Chapter 9. Blocking Processes
阻塞进程
Enter Sandman
当别人让你做一件你不能马上去做的事时,你会如何反映?如果你是人类的话,而且对方也是人类的话, 你只会说:“现在不行,我忙着在。闪开!”但是如果你是一个内核模块而且你被一个进程以同样的问题困扰, 你会有另外一个选择。你可以让该进程休眠直到你可以为它服务时。毕竟,这样的情况在内核中时时刻刻都在发生 (这就是系统让多进程在单CPU上同时运行的方法)。
这个内核模块就是一个这样的例子。文件(/proc/sleep))只可以在同一时刻被一个进程打开。 如果该文件已经被打开,内核模块将调用函数 wait_event_interruptible[1]。该函数修改task的状态(task是一个内核中的结构体数据结构, 其中保存着对应进程的信息和该进程正在调用的系统调用,如果有的话)为 TASK_INTERRUPTIBLE意味着改进程将不会继续运行直到被唤醒,然后被添加到系统的进程等待队列 WaitQ中,一个等待打开该文件的队列中。然后,该函数调用系统调度器去切换到另一个不同的 但有CPU运算请求的进程。

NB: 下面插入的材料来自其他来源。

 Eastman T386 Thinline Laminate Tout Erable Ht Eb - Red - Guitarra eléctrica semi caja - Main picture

当一个进程处理完该文件并且关闭了该文件,module_close就被调用执行了。 该函数唤醒所有在等待队列中的进程(还没有只唤醒特定进程的机制)。然后该函数返回, 那个刚刚关闭文件的进程得以继续运行。及时的,进程调度器会判定该进程执行已执行完毕, 将CPU转让给别的进程。被提供CPU使用权的那个进程就恰好从先前系统调用 module_interruptible_sleep_on[2]后的地方开始继续执行。 它可以设置一个全局变量去通知别的进程该文件已被打开占用了。当别的请求该文件的进程获得CPU时间片时, 它们将检测该变量然后返回休眠。
更有趣的是,module_close并不垄断唤醒等待中的请求文件的进程的权力。一个信号,像Ctrl+c (SIGINT也能够唤醒别的进程 [3]。 在这种情况下,我们想立即返回-EINTR 。 这对用户很重要,举个例子来说,用户可以在某个进程接受到文件前终止该进程。

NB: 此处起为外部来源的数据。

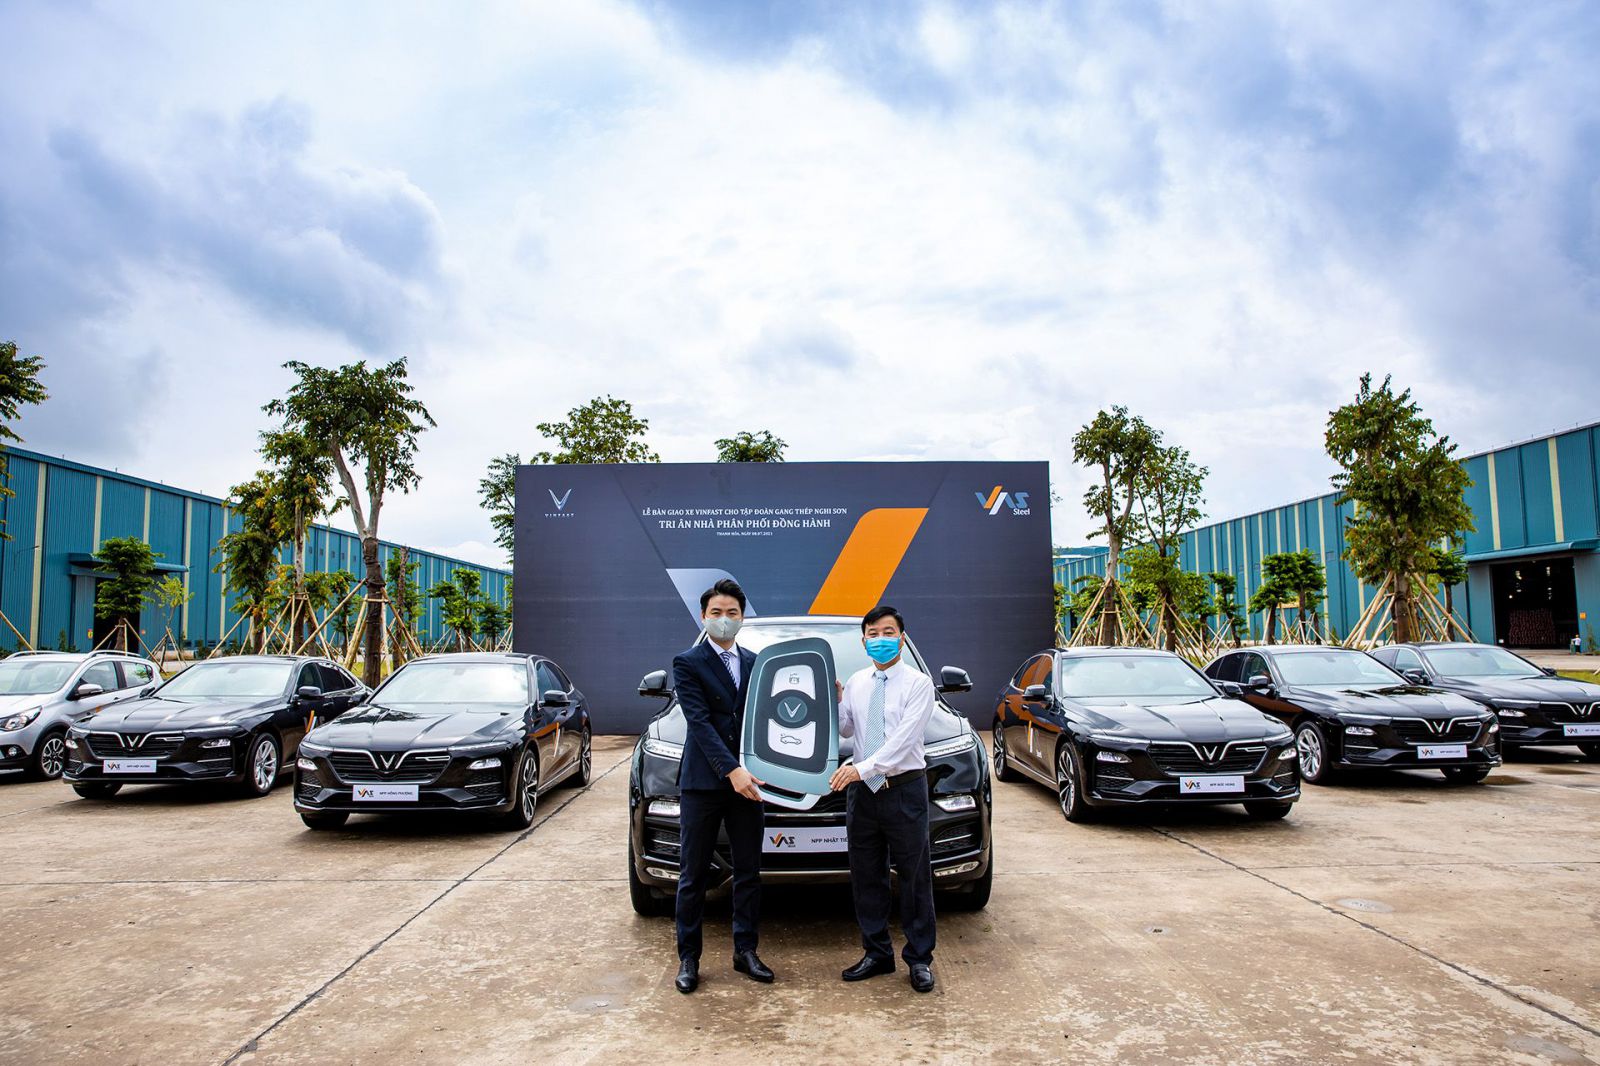 Sau các đối tác lớn như BIDV, Techcombank, PG Bank…, VAS là doanh nghiệp tiếp theo đặt niềm tin vào thương hiệu “ô tô quốc dân” của Việt Nam. Lãnh đạo của VAS cho biết họ đánh giá cao chất lượng sản phẩm, giá cả hợp lý và dịch vụ hậu mãi đẳng cấp vượt trội của VinFast.

还有一点值得注意。有些时候进程并不愿意休眠,它们要么立即执行它们想做的, 要么被告知任务无法进行。这样的进程在打开文件时会使用标志O_NONBLOCK。 在别的进程被阻塞时内核应该做出的响应是返回错误代码-EAGAIN,像在本例中对该文件的请求的进程。程序 cat_noblock,在本章的源代码目录下可以找到,就能够使用标志位 O_NONBLOCK打开文件。
Example 9-1. sleep.c
/*
* sleep.c - create a /proc file, and if several processes try to open it at
* the same time, put all but one to sleep
*/
#include <linux/kernel.h> /* We're doing kernel work */
#include <linux/module.h> /* Specifically, a module */
#include <linux/proc_fs.h> /* Necessary because we use proc fs */
#include <linux/sched.h> /* For putting processes to sleep and
waking them up */
#include <asm/uaccess.h> /* for get_user and put_user */
/*
* The module's file functions
*/
/*
* Here we keep the last message received, to prove that we can process our
* input
*/
#define MESSAGE_LENGTH 80
static char Message[MESSAGE_LENGTH];
static struct proc_dir_entry *Our_Proc_File;
#define PROC_ENTRY_FILENAME "sleep"
/*
* Since we use the file operations struct, we can't use the special proc
* output provisions - we have to use a standard read function, which is this
* function
*/
static ssize_t module_output(struct file *file, /* see include/linux/fs.h */
char *buf, /* The buffer to put data to
(in the user segment) */
size_t len, /* The length of the buffer */
loff_t * offset)
{
static int finished = 0;
int i;
char message[MESSAGE_LENGTH + 30];
/*
* Return 0 to signify end of file - that we have nothing
* more to say at this point.
*/
if (finished) {
finished = 0;
return 0;
}
/*
* If you don't understand this by now, you're hopeless as a kernel
* programmer.
*/
sprintf(message, "Last input:%s\n", Message);
for (i = 0; i < len && message[i]; i++)
put_user(message[i], buf + i);
finished = 1;
return i; /* Return the number of bytes "read" */
}
/*
* This function receives input from the user when the user writes to the /proc
* file.
*/
static ssize_t module_input(struct file *file, /* The file itself */
const char *buf, /* The buffer with input */
size_t length, /* The buffer's length */
loff_t * offset)
{ /* offset to file - ignore */
int i;
/*
* Put the input into Message, where module_output will later be
* able to use it
*/
for (i = 0; i < MESSAGE_LENGTH - 1 && i < length; i++)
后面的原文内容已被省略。